There was once one of us, early in the spring of the Tree, that loved the Tree so much. Some may say maybe too much, but it is not our place to pass judgement on what is. This one of us, we will call her Maiden, she loved Tree like she loved to breathe. She saw that the Tree gave us breath, and she knew this made her and it two parts of something. But Maiden felt there was something missing in her half, that she wasn't giving enough. She talked to the Tree, she tried to braid its hair like hers, she treated it as equal. This may seem strange, like one of them must be greater than the other, but she knew this not to be true: the Tree and she could both give life. One night, while she was tending to branches and newborn growth, she fell asleep on the forest floor beneath the swinging swaying boughs. It was as if the flowing blowing leaves were rustling a lullaby to her; she lay down curled up next to the great big roots. While in dreamtime, she dreamt she was waiting for something. But even when she had only just entered the dream, it felt like she had been waiting for millennia - she saw the stars move through the sky and drift further apart, she saw countless sunrises and falls, innumerable moons and eclipses, all in retrospect. But now she could feel proximity to the end, that she was entering a temporal space of between. Between the end of waiting, and the beginning of the waited-for.

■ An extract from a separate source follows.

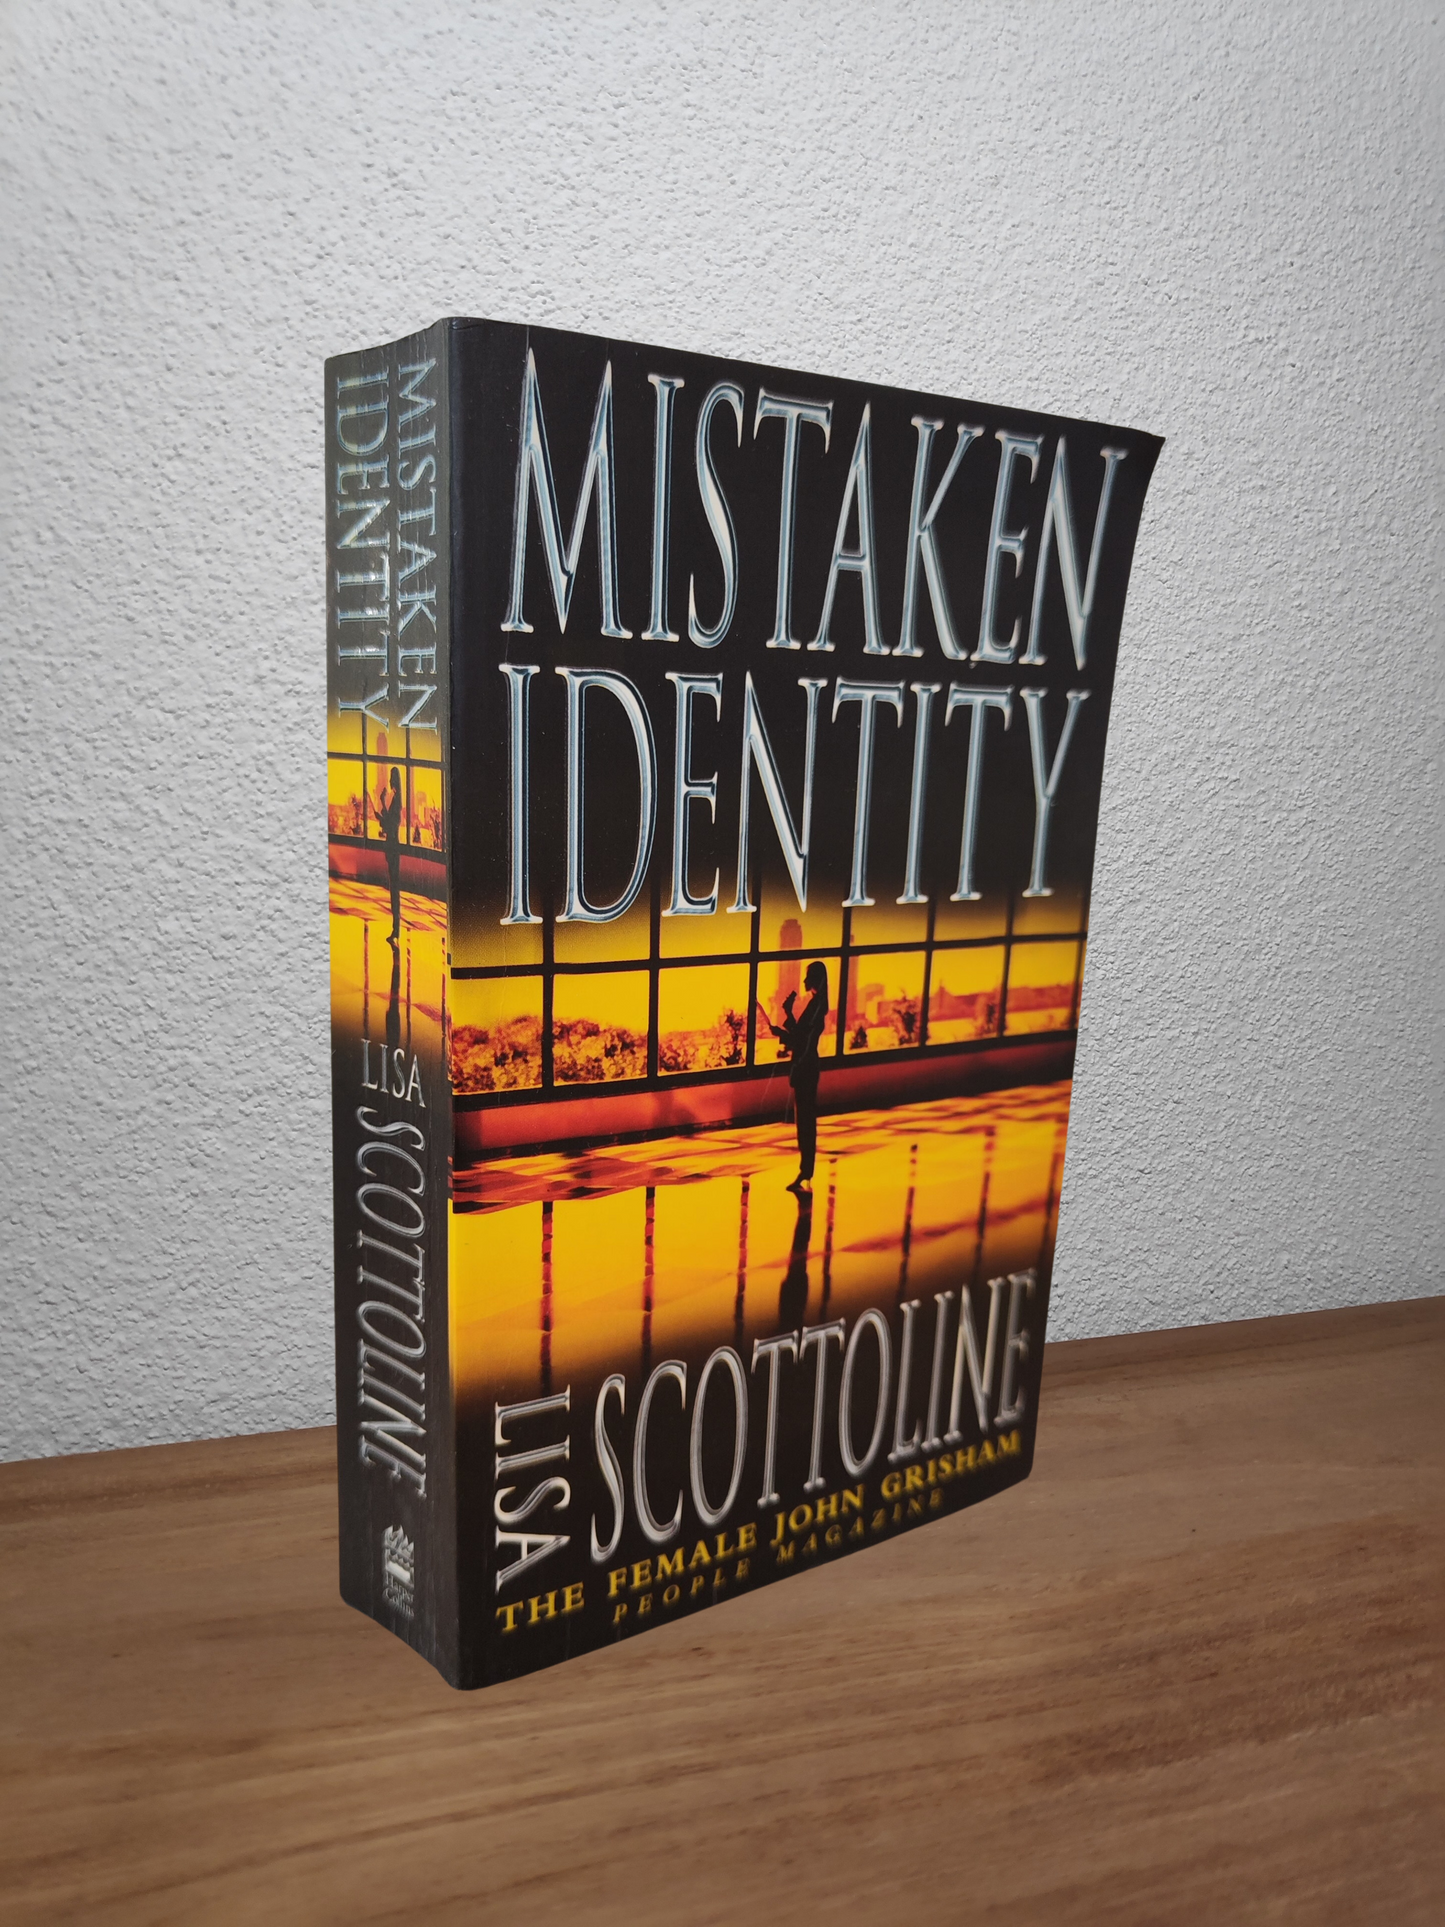 Lisa Scottoline - Mistaken Identity (Rosato and Associates #4)
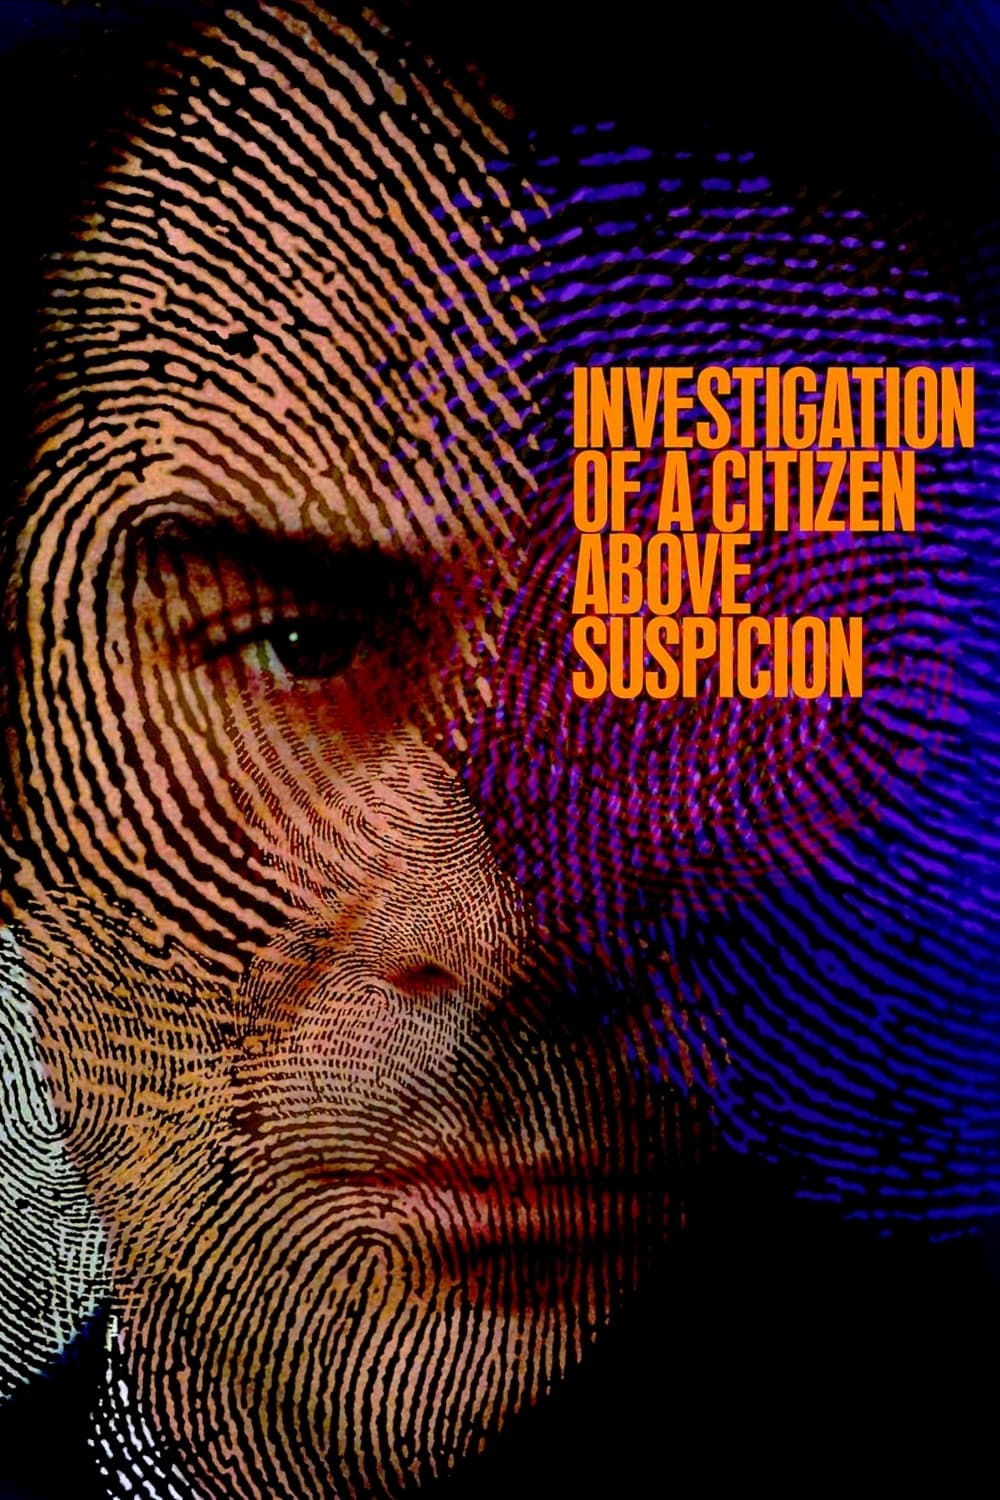 Ermittlungen gegen einen über jeden Verdacht erhabenen Bürger (1970)

Maiden never woke up. Tree loved her back, you know. So much that Tree embraced Maiden in her dreamtime. Her long hair, entwined with Tree's roots, turned to fern. Her braids to bracken. Her transformation happened so silently, so sweetly, we know not to grieve for her.
As for the rest of her, she did not disappear. Her body became a blossom, wrapped in maidenhair. As it takes time for new caretakers to come to being, it was not for some time that her metamorphosis was known. Until then, this flower in the fern bloomed and bloomed. Unseen, she was able to show herself fully to the world that wasn't bearing any witnesses. The fern and its flower, beneath the tree-boughs, stayed that way comfortably for quite some time. When the next caretaker did appear (and we will come to the how, later), the fern-flower closed up and disappeared, not wanting to be found. Every day, this young carer returned to the spot of the maidenhair and her flower, and every day she still would not show herself. It was only on the night of the longest day of the year that she shyly opened to the world again. The Caretaker happened to be sitting next to her, tending a fire, watching sparks fly into the night, when he saw the beautiful bloom. Nobody knows if it was his patience, the long sun hours, or the smoke of burning wood, but she opened up again. The duty-bound carefully and with reverence took from her a petal - but really Maiden had offered it freely, with understanding. He gently pounded the petal with a pestle, whispering sweet thanks, and boiled the powder in spring-water. It smelled like its lilac color - soft, sweet, but strong. He drank deeply. When he did, he felt his head light up in new ways - he saw the world differently, because he heard it differently. All around him, he heard everything. Not like he didn't hear it before, but like he wasn't listening, wasn't tuned in. The crickets' song turned into a plea that he understood better than before, the owl's warning claiming his space in the forest, the pheromones of fireflies and their photic dance. He could understand it all, as if he could respond easily if he only had the anatomy.
He told no one of the ability imbued in him from drinking the fern flower's tea, but there are forces in this world that can't be understood, and the people came to know anyway. For this, and many other reasons, it has become custom for people in parts of the world to head into the midsummer night forest. All because a maiden loved a tree.